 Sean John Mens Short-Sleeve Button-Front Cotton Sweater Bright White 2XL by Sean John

+++

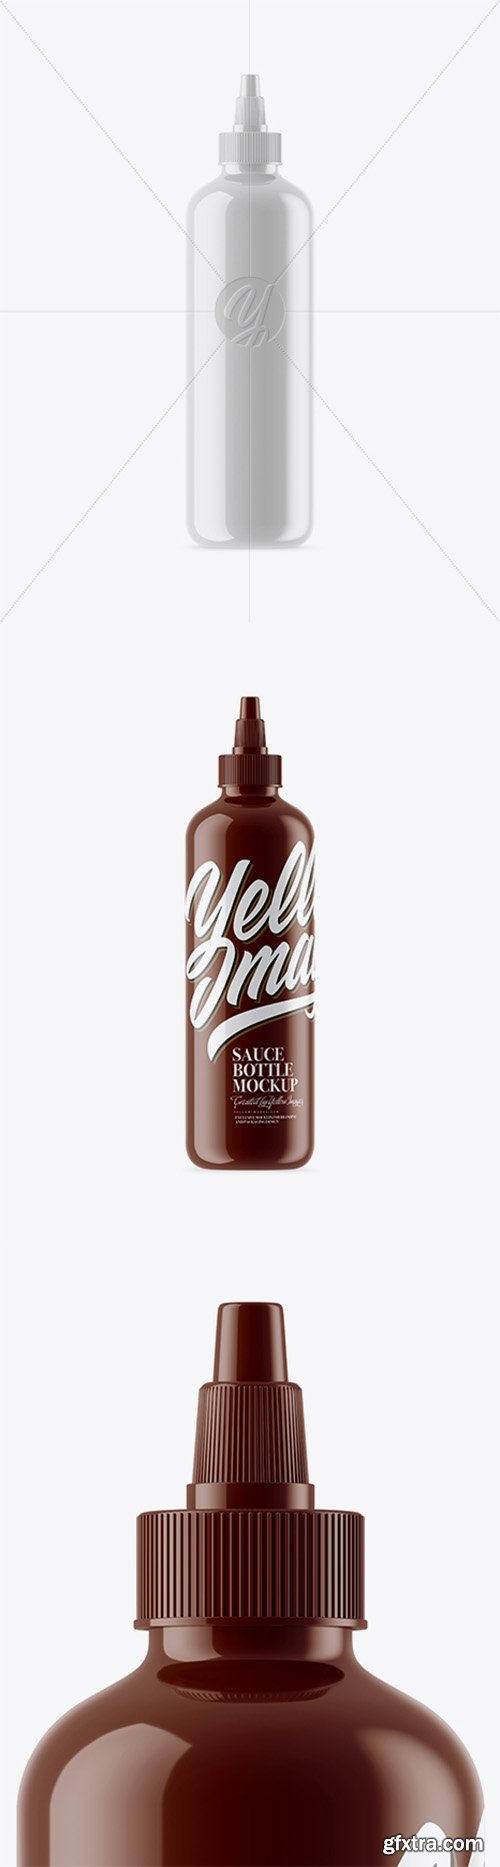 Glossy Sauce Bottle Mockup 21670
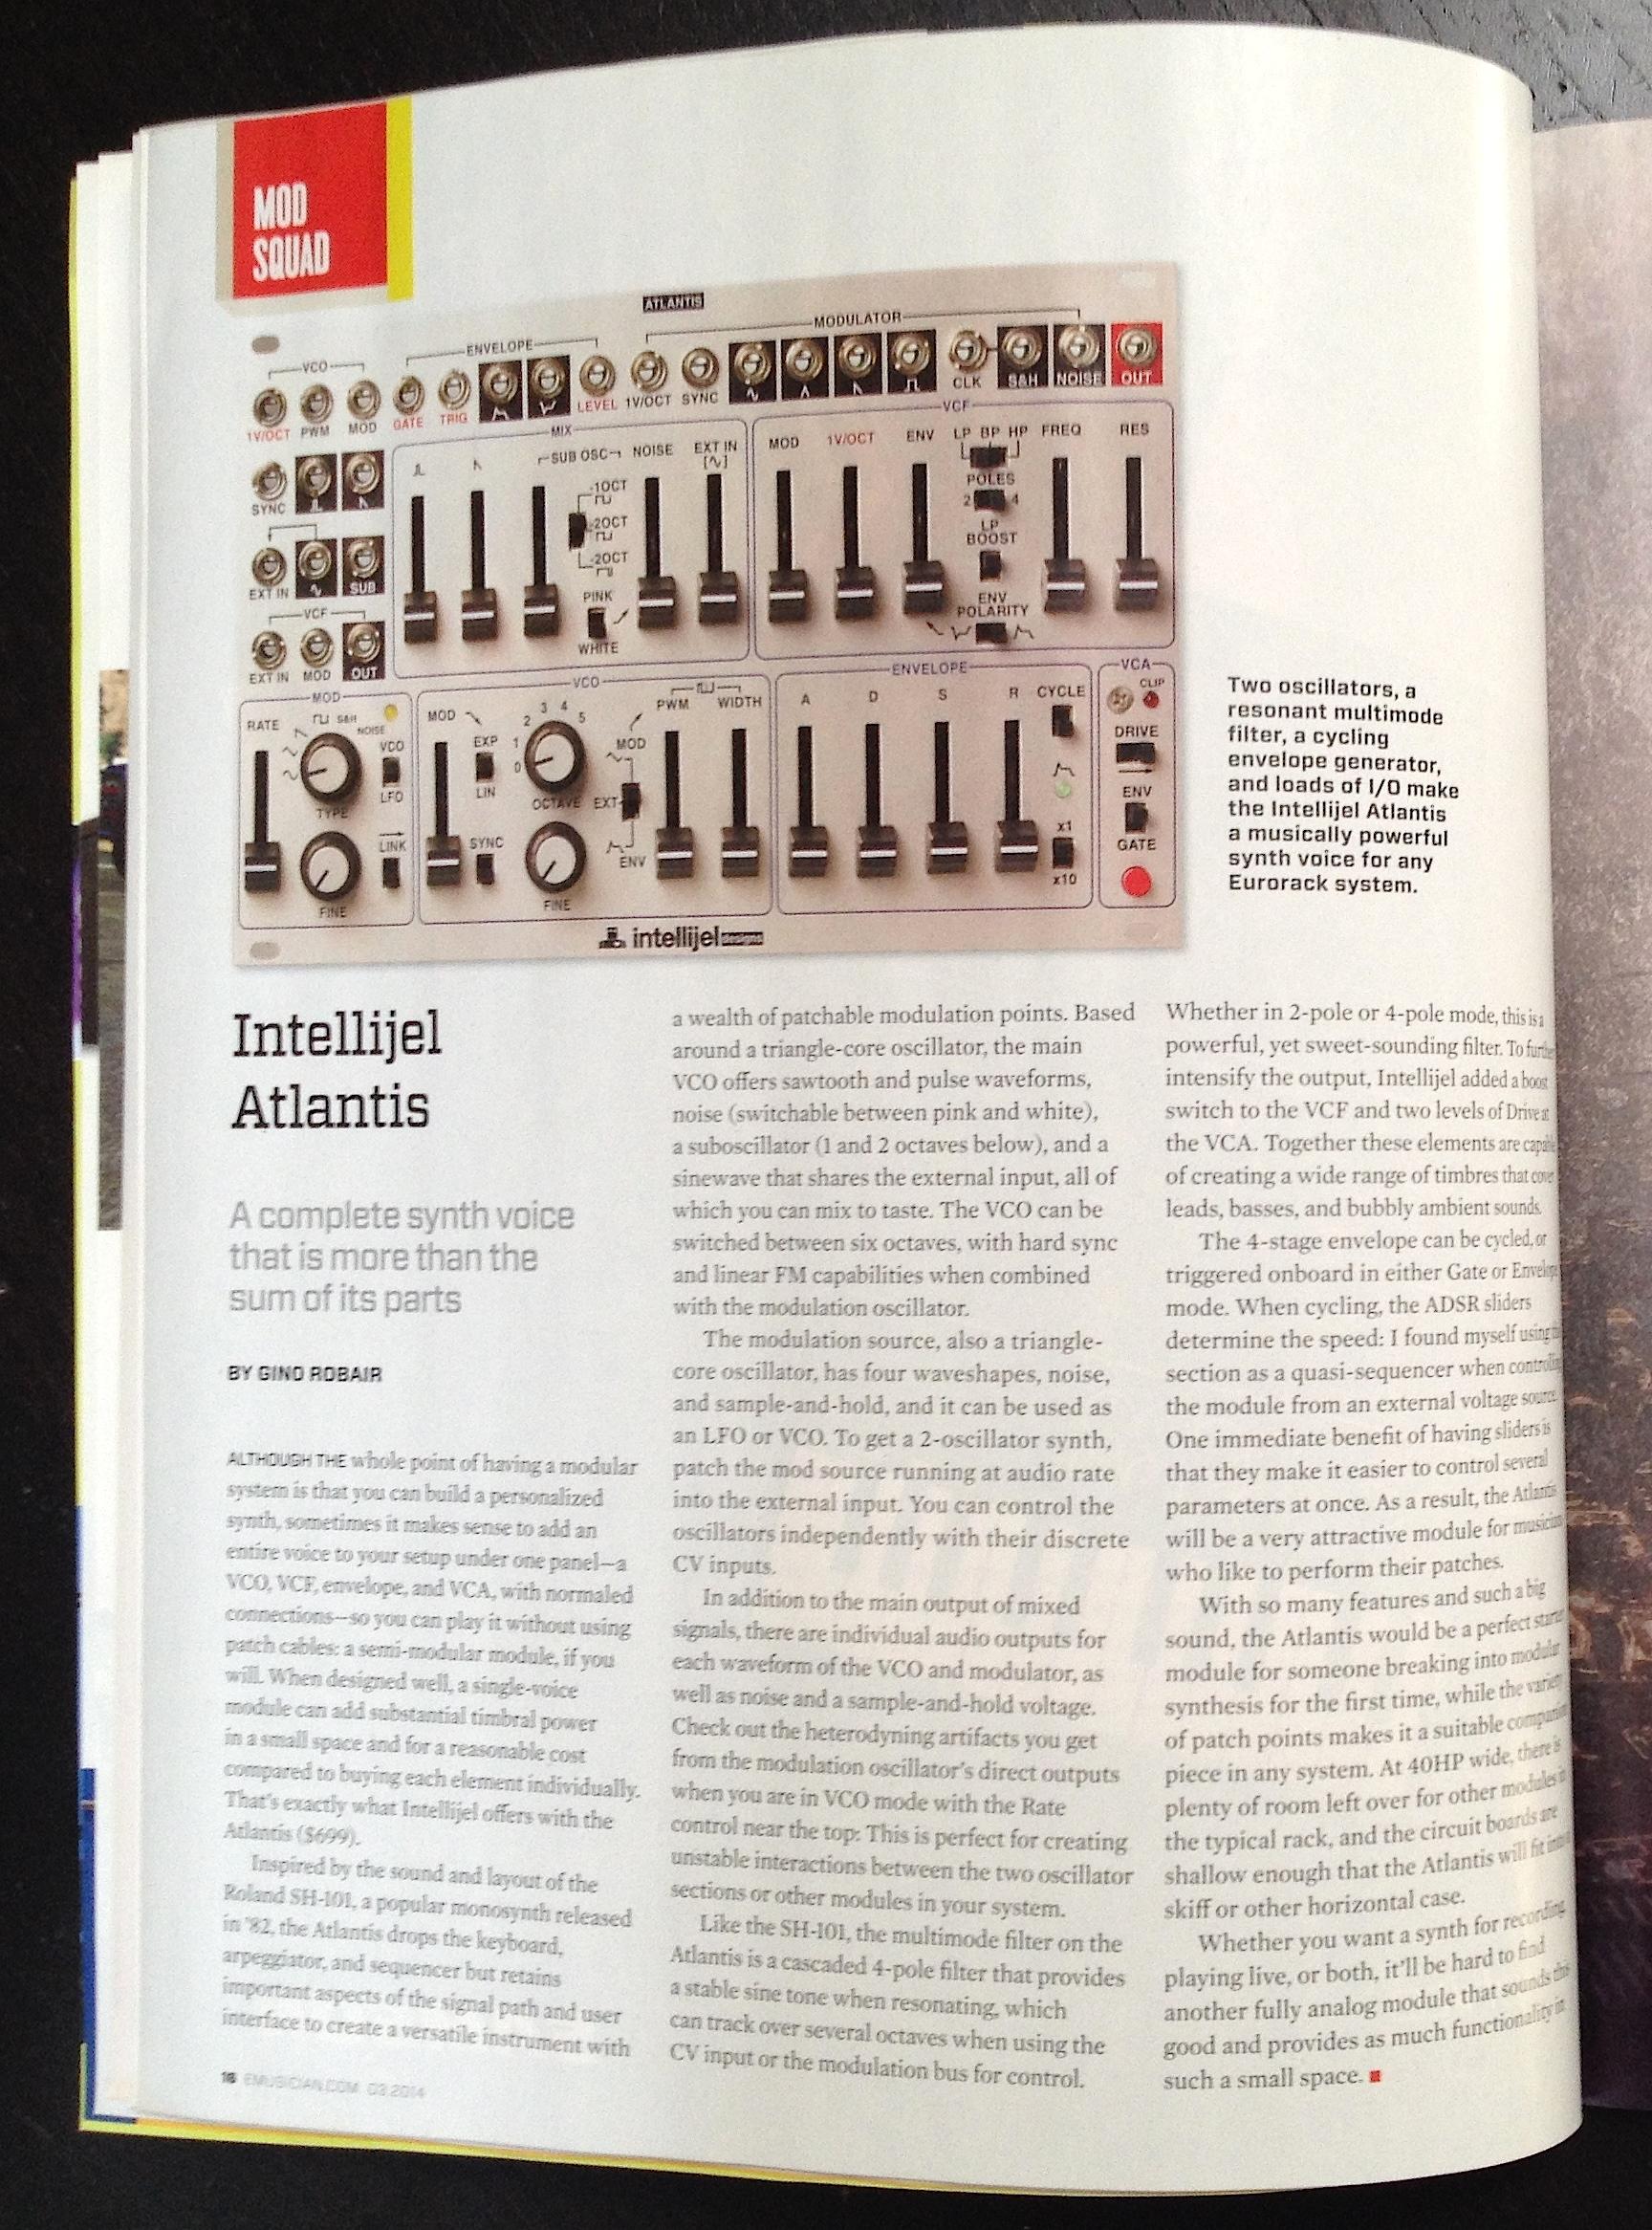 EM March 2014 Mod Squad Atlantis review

+++

What you need to do
Starting at the line above that contains "Glossy Sauce Bottle Mockup 21670", transcribe every line exactly through the line that contains "EM March 2014 Mod Squad Atlantis review", including that last one, and skip the pictures.

Exercise answer
 Glossy Sauce Bottle Mockup 21670
 EM March 2014 Mod Squad Atlantis review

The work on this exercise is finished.